IN industrial production process, e.g., iron and steel making process, there are lots of process variables which need to be monitored or predicted in order to guarantee the production reliability, safety and low economic cost [1]. Through the commonly implemented supervisory control and data acquisition (SCADA) system, industrial time series data of these process variables are collected, based on which one can build a prediction model [2], [3]. However, the high level noise and the missing data often corrupt the obtained industrial data,which makes it difficult for high prediction accuracy, while the workers on-site not only focus on the point estimate of the variables, but the reliability of the prediction as well [4].

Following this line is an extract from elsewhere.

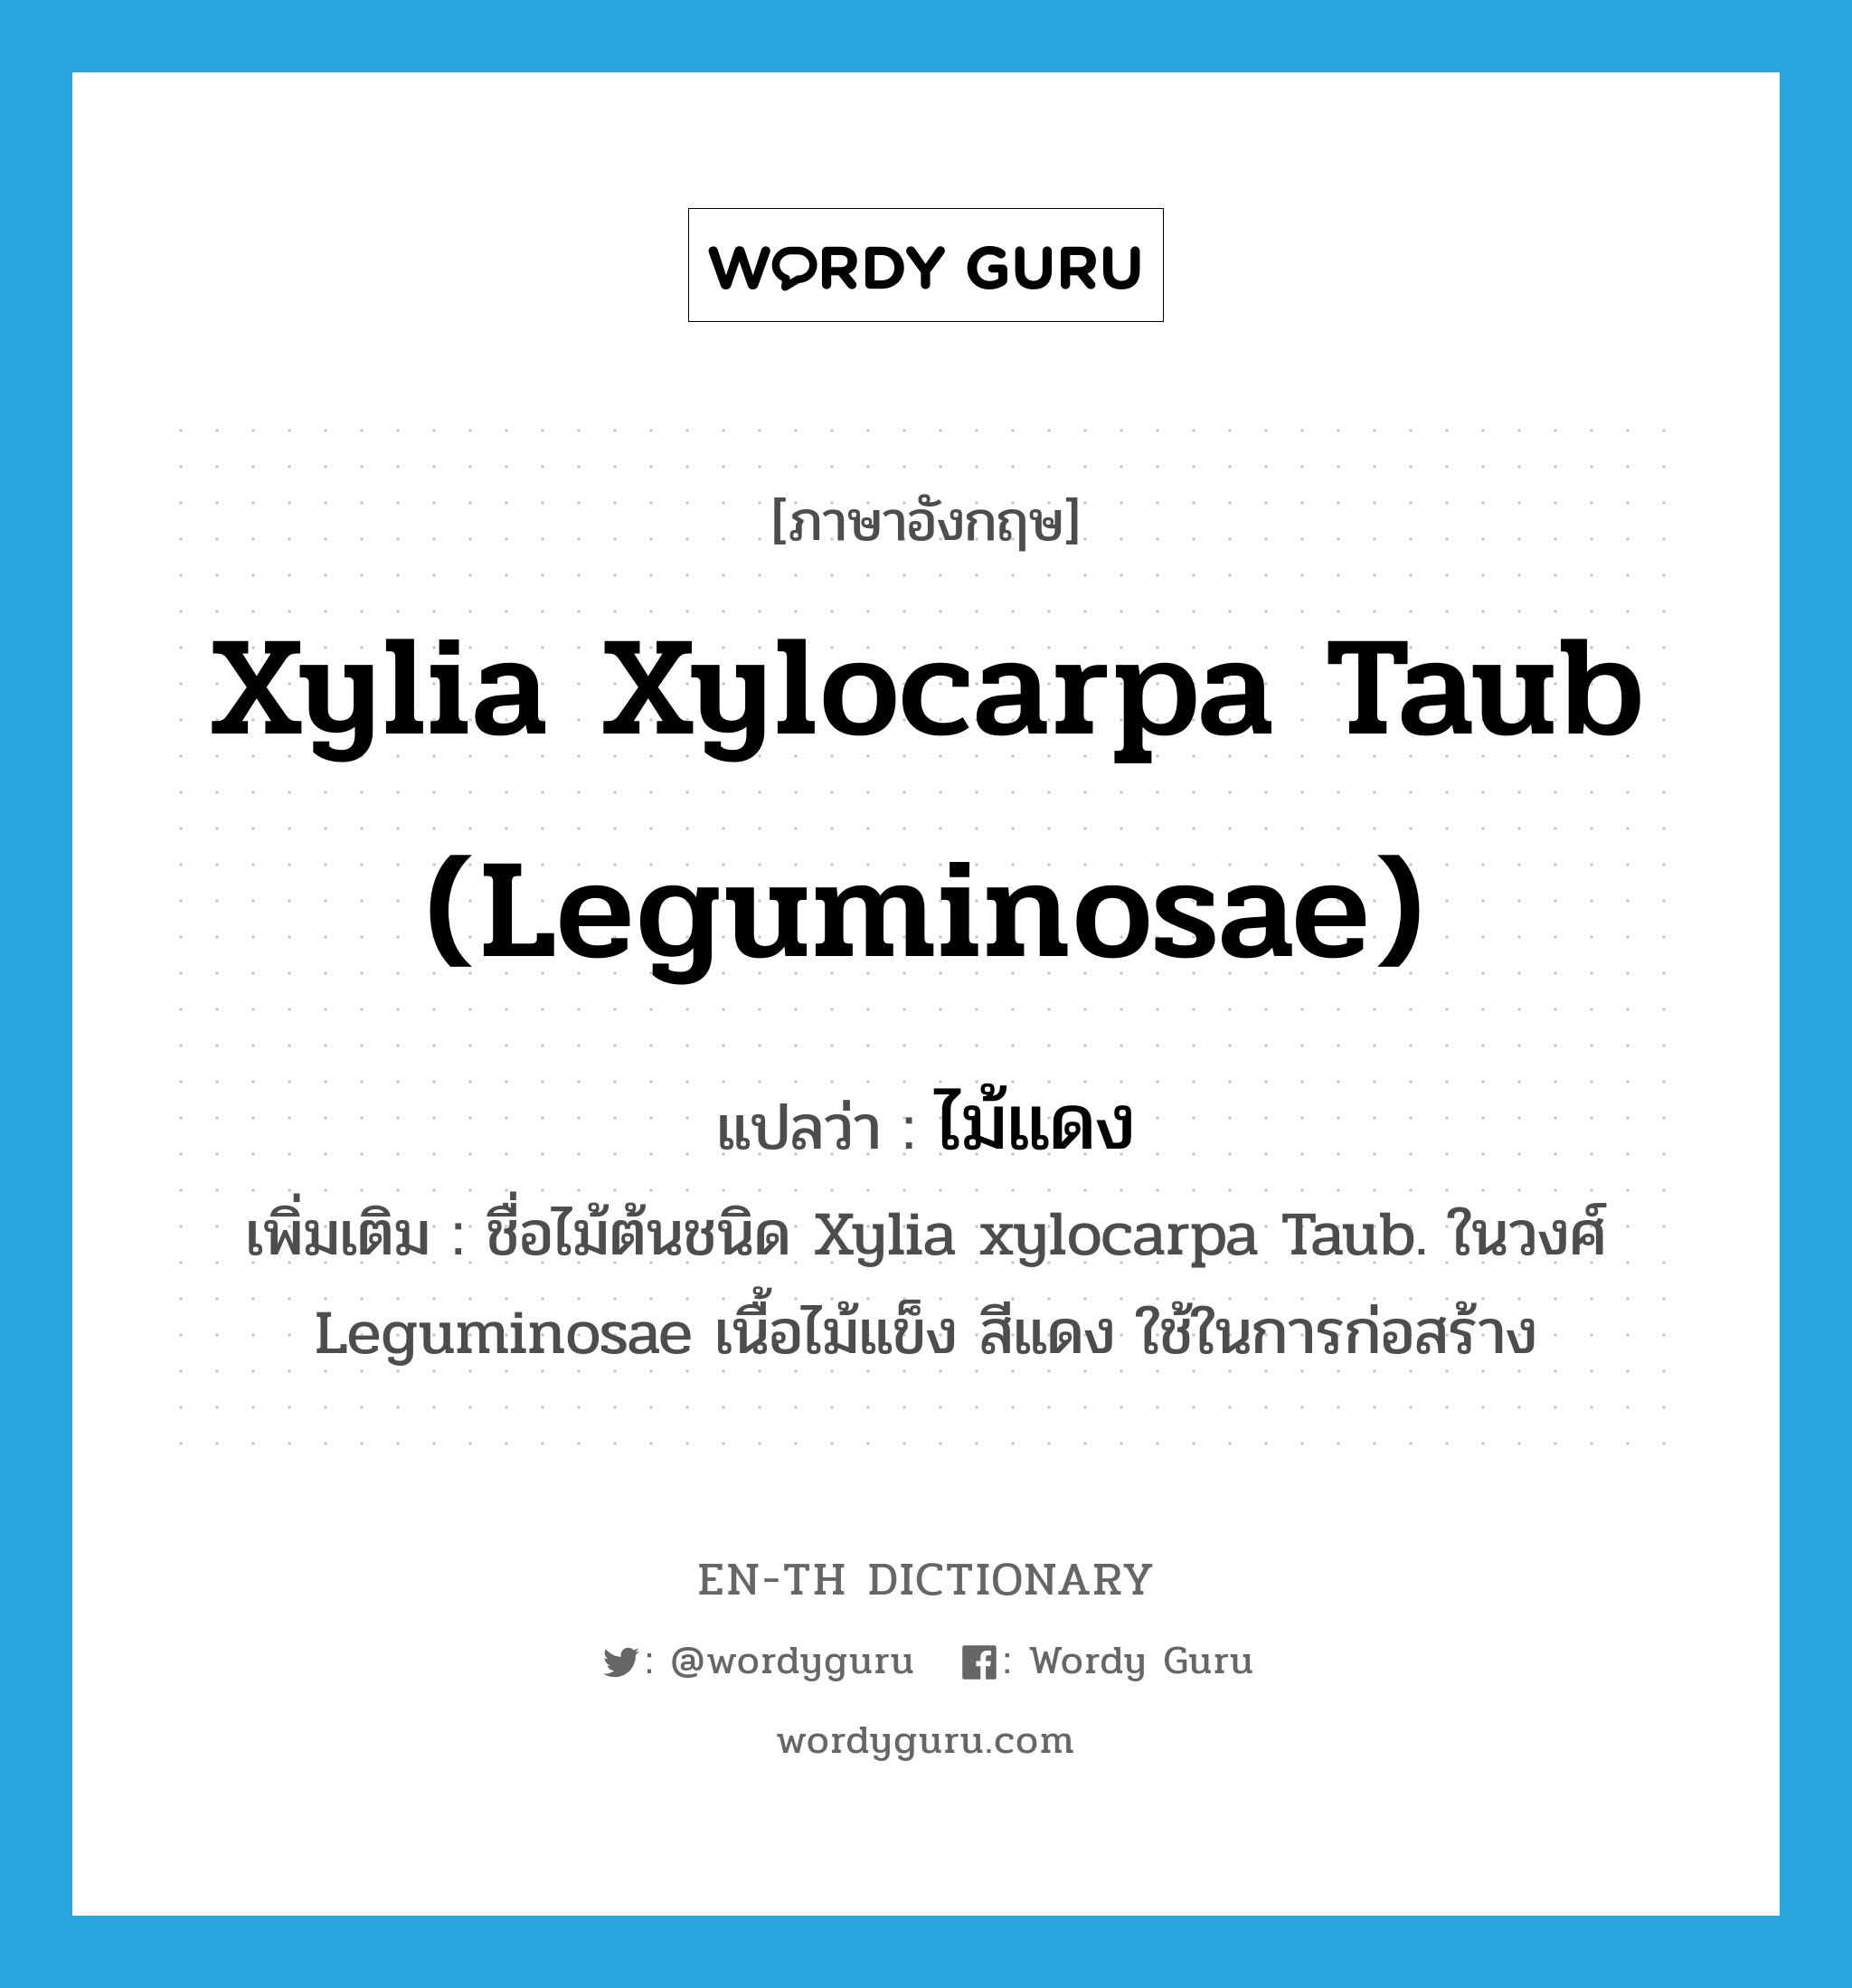 ไม้แดง ภาษาอังกฤษ?, คำศัพท์ภาษาอังกฤษ ไม้แดง แปลว่า Xylia xylocarpa Taub (Leguminosae) ประเภท N เพิ่มเติม ชื่อไม้ต้นชนิด Xylia xylocarpa Taub. ในวงศ์ Leguminosae เนื้อไม้แข็ง สีแดง ใช้ในการก่อสร้าง หมวด N

As for the industrial time series prediction, lots of data-based methods are developed [5]–[7]. The most commonly used methods are those based on the artificial neural networks(ANNs) [8], the Gaussian processes [9], and the least square support vector machines (LSSVM) [10], etc. In [11], an effective noise estimation-based LSSVM model was reported to perform online prediction of the byproduct gas flow in steel industry. Besides, a Gaussian process based echo state networks(ESN) model was reported in [12] for prediction of the flow of coke oven gas and gasholder level in steel industry. However,these mentioned methods are all focused on the pointwise estimates, which failed to provide the reliability of prediction,and cannot deal with the situation of missing inputs.

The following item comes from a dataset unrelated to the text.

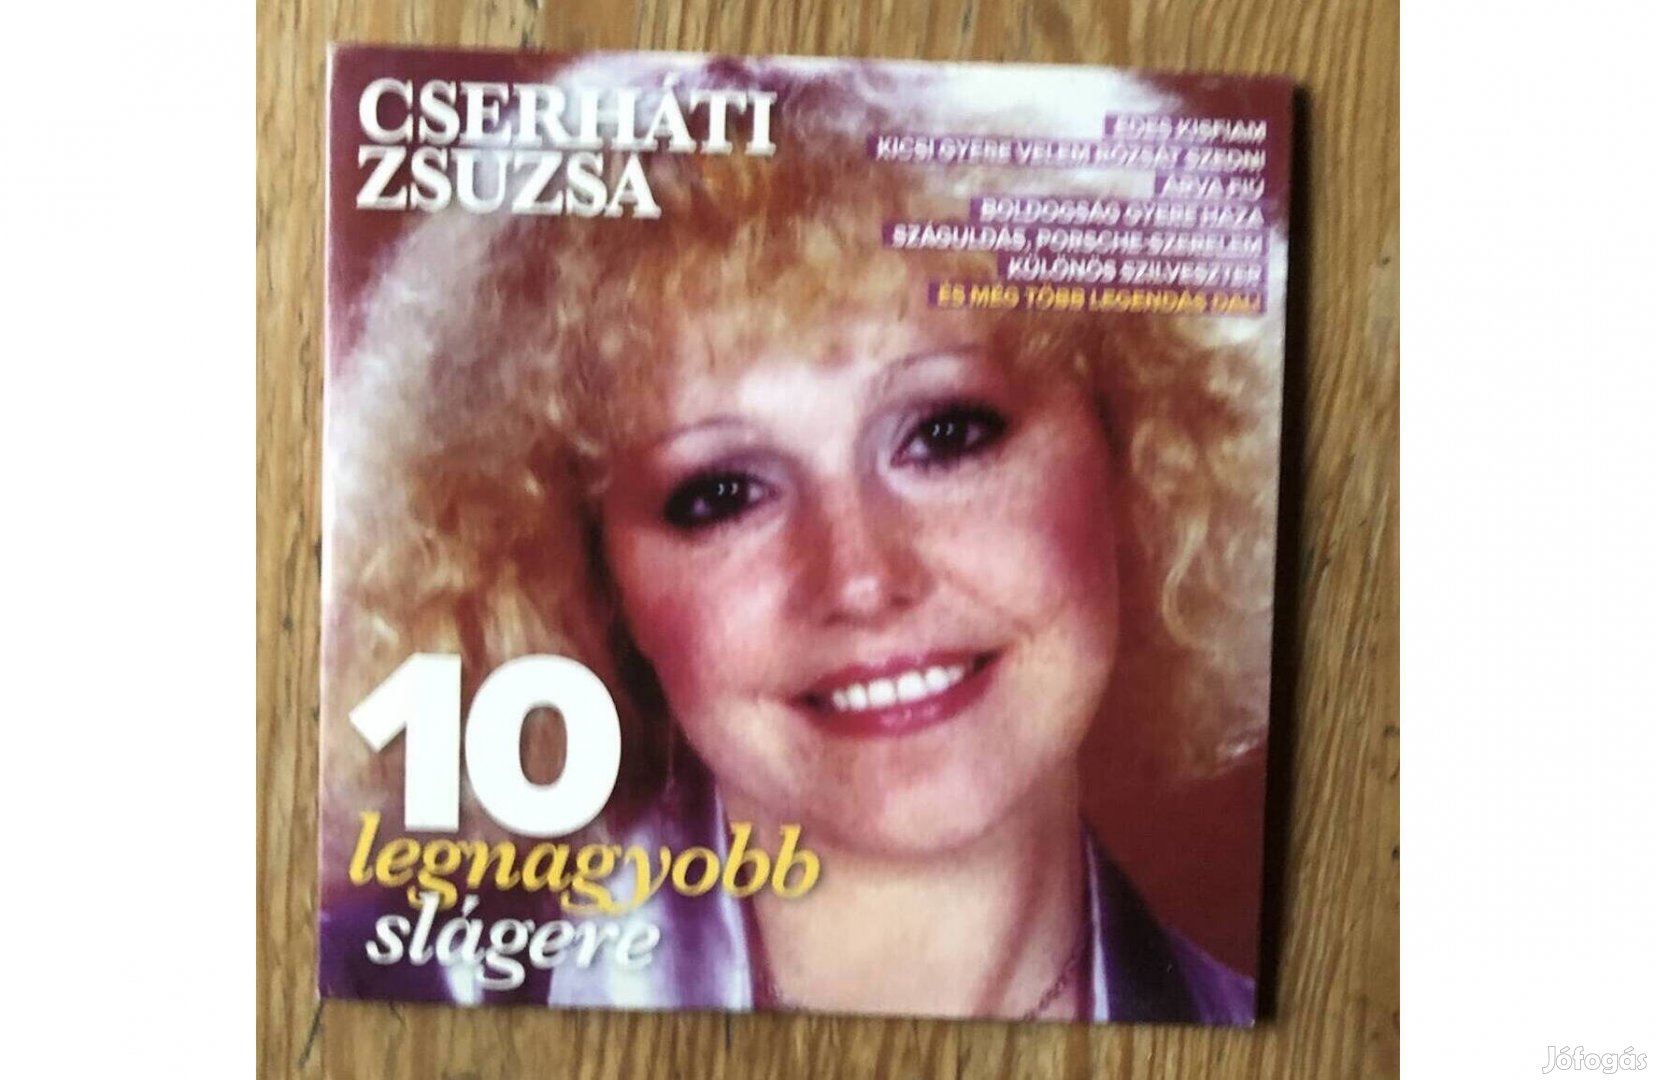 Cserháti Zsuzsa 10 legnagyobb slágere CD,papirtokos 2500 Ft :Lenti

A class of PIs based approaches can not only produce the predictive mean but also provide an interval with some confidence level, in which the bootstrap method, the Bayesian method, the mean-variance estimates (MVEs), and the delta method are usually combined with ANNs for such a task [13]–[15]. In addition, the PIs can also be constructed by using the fuzzy sets theory [16]. The delta method was first presented in[17], which was based on an assumption condition that the variance of all the samples was identical. However, such an assumption was rather difficult to be satisfied when facing with real world problems. The Bayesian theory-based PIs construction usually relied on the prior distribution of the samples, especially when the sample amount was relatively small [18]. The MVE method assumed that the network could accurately estimate the target with the least computational load[19]. However, due to the uncertainties in practice, the generalization capability of the NN is insufficient. Besides, in[20], an ensemble model containing a number of reservoir computing networks was employed by using the bootstrap techniques, which was applied to the prediction of practical industrial data. However, the aforementioned methodologies are only formulated for the complete inputs, and when encountering the incomplete inputs one has to perform a data imputation procedure for the missing inputs before prediction.

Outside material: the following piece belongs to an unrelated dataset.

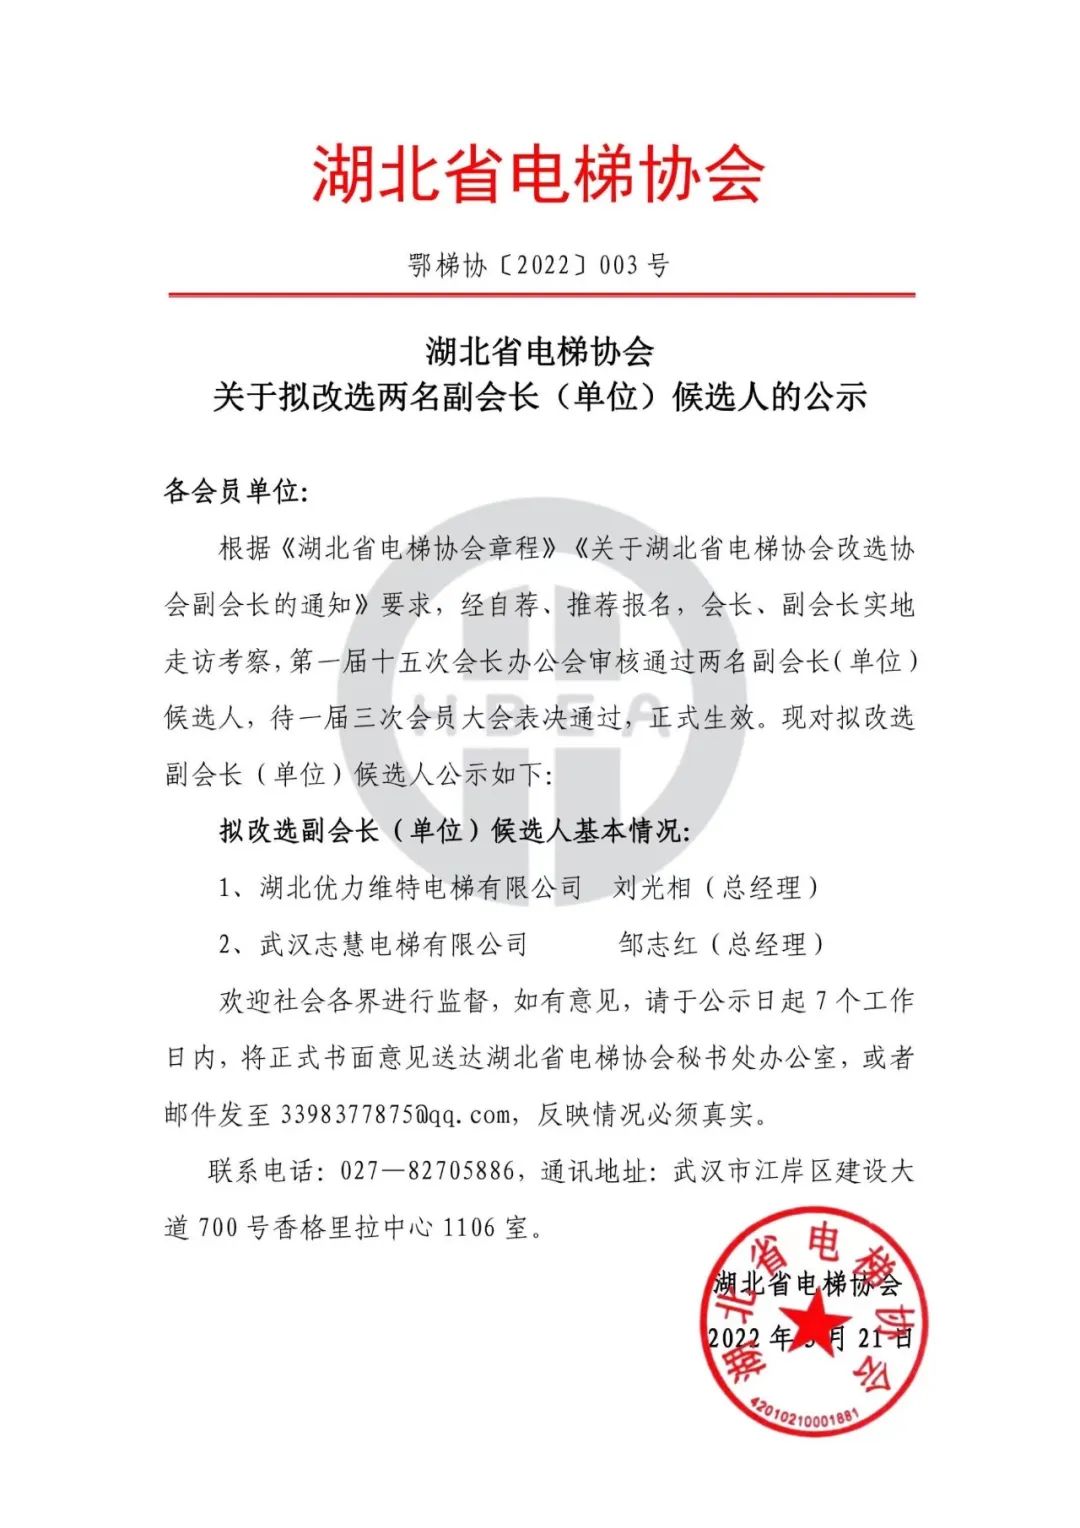 鄂梯协【2022】003号 湖北省电梯协会关于改选2名副会长候选人公示

Fig.3. KDBN structure for noisy Mackey-Glass time series prediction.

III. Experiments

To verify the effectiveness of the proposed inference method for the KDBN (KDBN-VI), a synthetic dataset and a practical industrial dataset are considered here.

A. A Synthetic Dataset

In this section, we employ the synthetic Mackey-Glass data.The Mackey-Glass equation is a differential equation with time delay, as formulated by

Here, the parameters a, b, and τ in (19) are set to be 0.2, 0.1,and 17, respectively. A time series of Mackey-Glass is generated from (19) by a numerical method. The length of this sequence is 600. For the purpose of verifying the performance of the proposed method when facing with the noisy data, we add a Gaussian white noise with the variance 0.001 into this generated time series.

In this experiment, th(e kernel fun)ction is Gaussian kernel function, K(x,xi)=exp||x−xi||/2b2. The 8-fold cross validation is used to determine the optimal value of b and the order of the KDBN. Finally, the order of the trained KDBN is set to be 30, and the kernel parameter b is set to be 1.673. Fig.3 shows the trained KDBN for the noisy Mackey-Glass data,where the parameters of the nodes after the 31st time slices share those of the 31st node. Besides, the experimental environment is the WindowsTMoperating system configured on a 3.4 GHz Intel Core i7-3770 chipset and 4 GB of RAM.The programming was completed in MATLABTM2014.

To quantify the performance of the construction of PIs, two indicators including the root mean square error (RMSE) and the coverage width-based criterion (CWC) are adopted here.

where n is the number of predicted points, Yiis the observed value and Fiis the predicted mean value. The RMSE aims to indicate the mean errors of the prediction. Besides, as for the interval performance, one can employ the CWC [7], which is a kind of combined index based on the PI coverage probability(PICP) and the mean PI width (MPIW).

and

where η and µ are two hyper-parameters, R denotes the range of the data, and ciequals 1 when the corresponding target is covered by the predicted coverage; otherwise, it equals 0. Uiand Liare, respectively, the upper and the lower bounds. PICP is measured by counting the number of target values covered by the constructed PIs. And NMPIW is the normalized MPIW showing the average width of PIs. The smaller it is, the better the performance, and the smaller the PICP is, the better the performance of PIs is.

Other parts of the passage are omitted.